WHAT THE EXERCISE ASKS>
Return all the data verbatim but without images.

RECORDS TO USE>
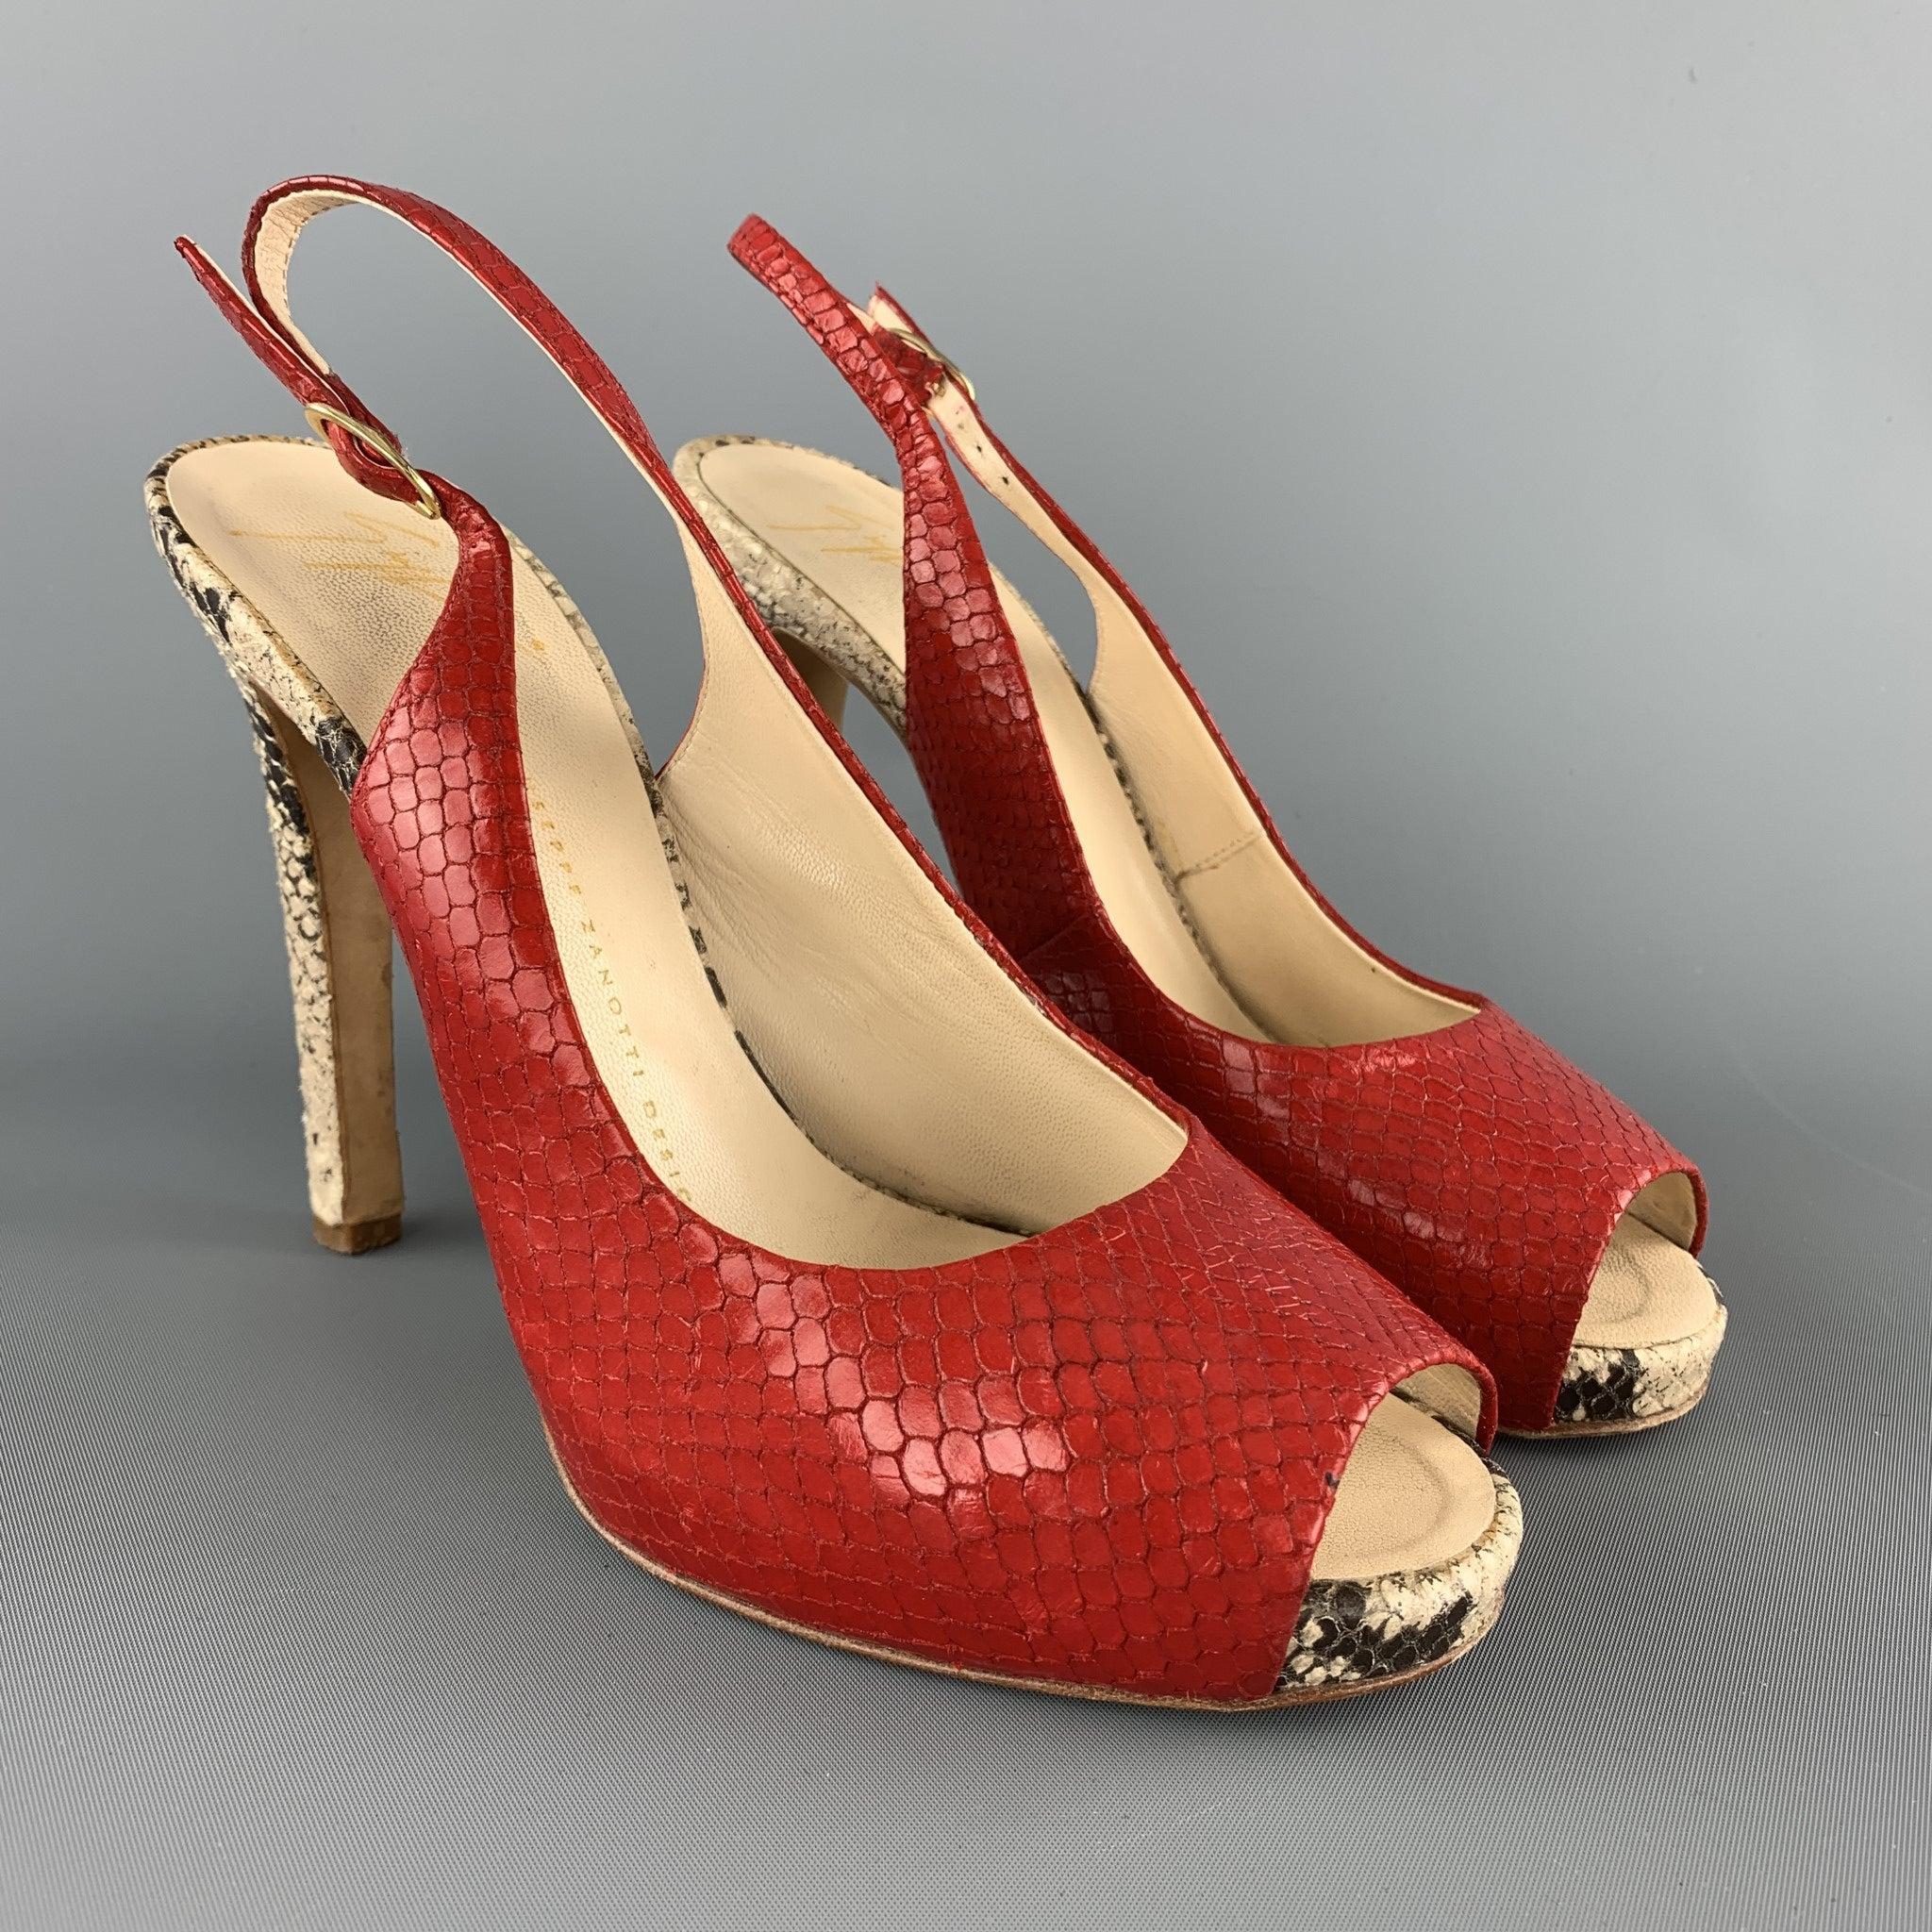 GUISEPPE ZANOTTI slingback pumps come in red snakeskin leather with a natural beige snake leather covered heel and platform. Made in Italy.Very Good
Pre-Owned Condition. 

Marked:   IT 38
Heel: 4.95 inches Platform: 0.65 inches 
  
  
 
Reference:
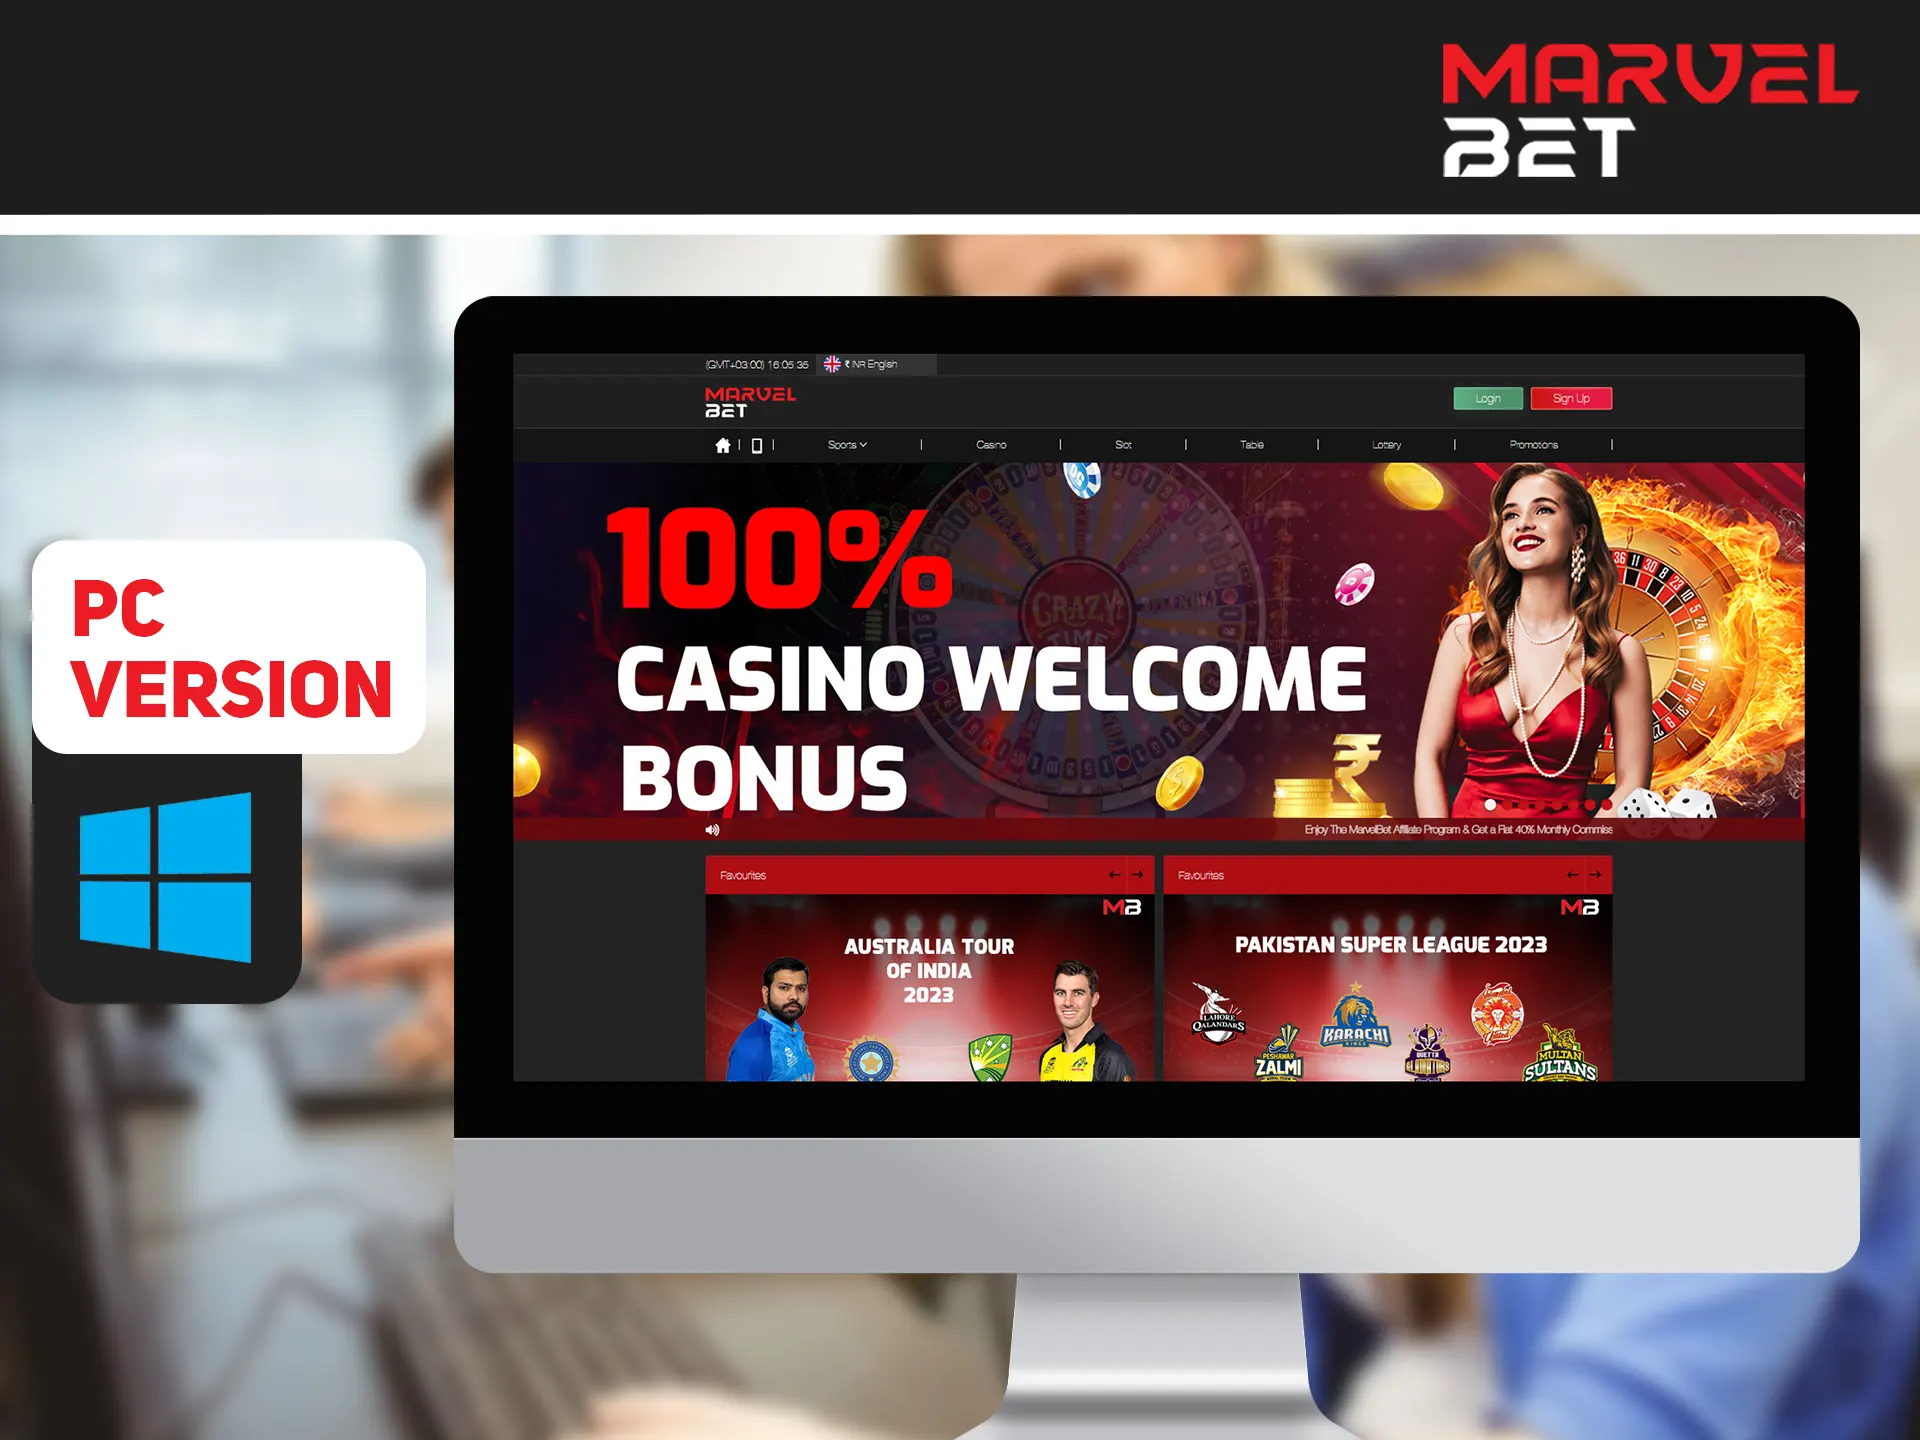 Bet on sports and play Marvelbet casino on any PC with internet.
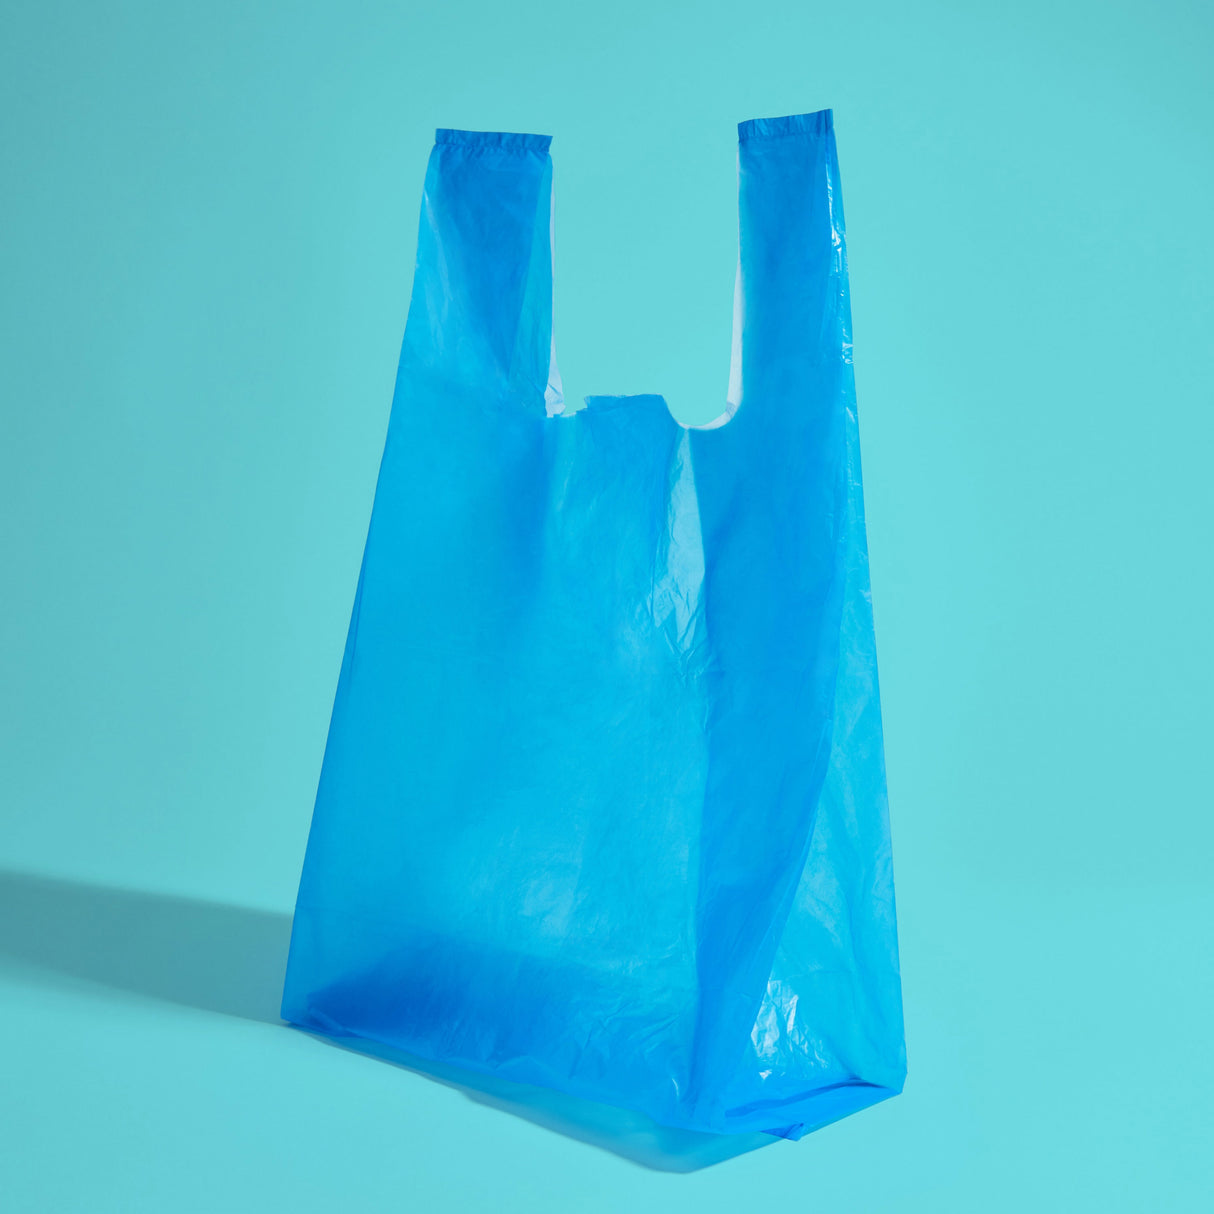 A blue disposable bag with handles that can tie together 
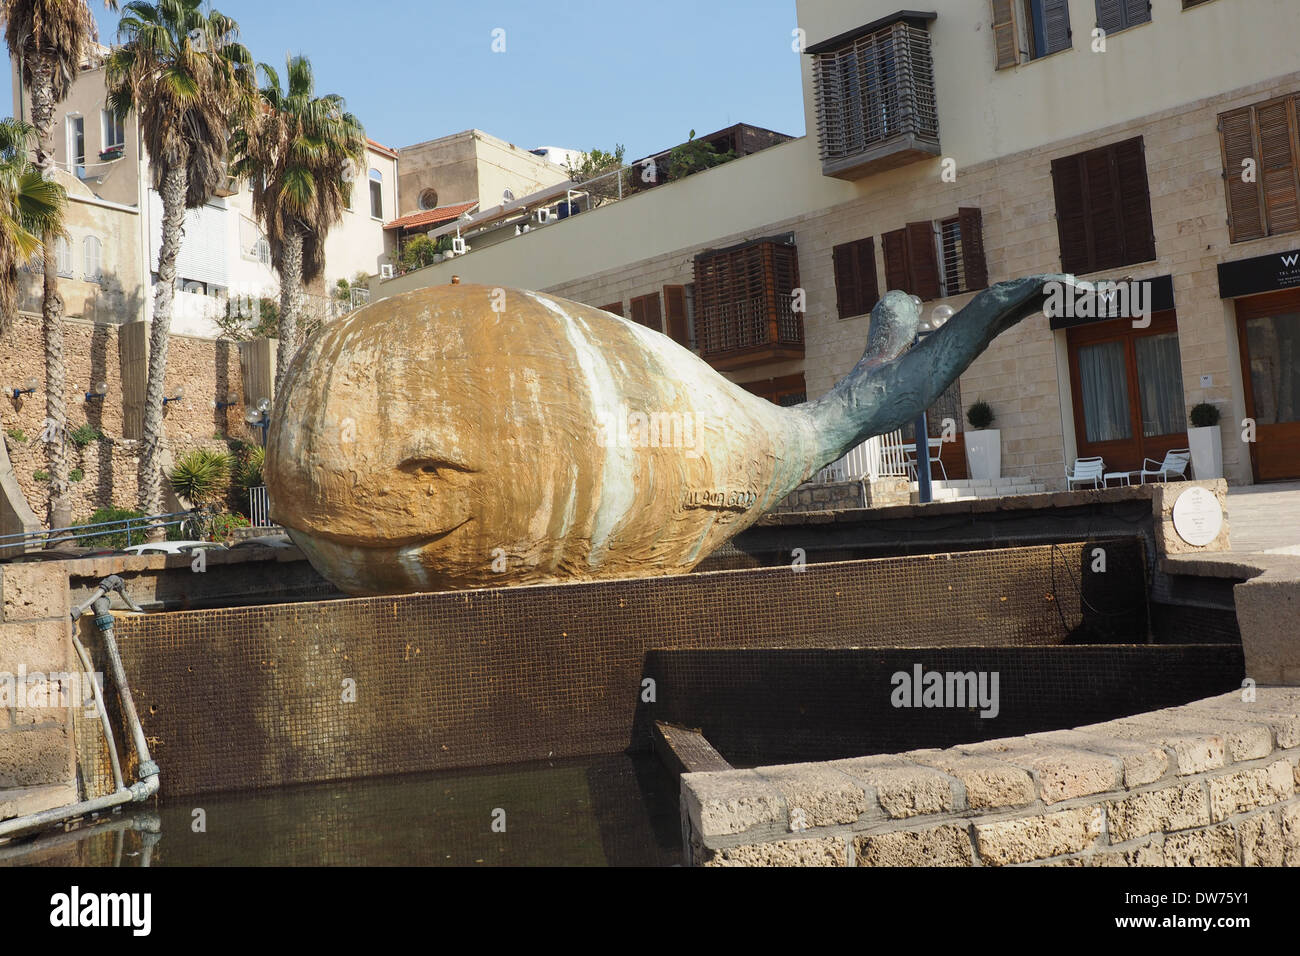 The whale that swallowed Jonah sculpture in Jaffa, Israel. Stock Photo

TASK SOLUTION>
 GUISEPPE ZANOTTI slingback pumps come in red snakeskin leather with a natural beige snake leather covered heel and platform. Made in Italy.Very Good
Pre-Owned Condition. 

Marked:   IT 38
Heel: 4.95 inches Platform: 0.65 inches 
  
  
 
Reference:
 Bet on sports and play Marvelbet casino on any PC with internet.
 A blue disposable bag with handles that can tie together 
 The whale that swallowed Jonah sculpture in Jaffa, Israel. Stock Photo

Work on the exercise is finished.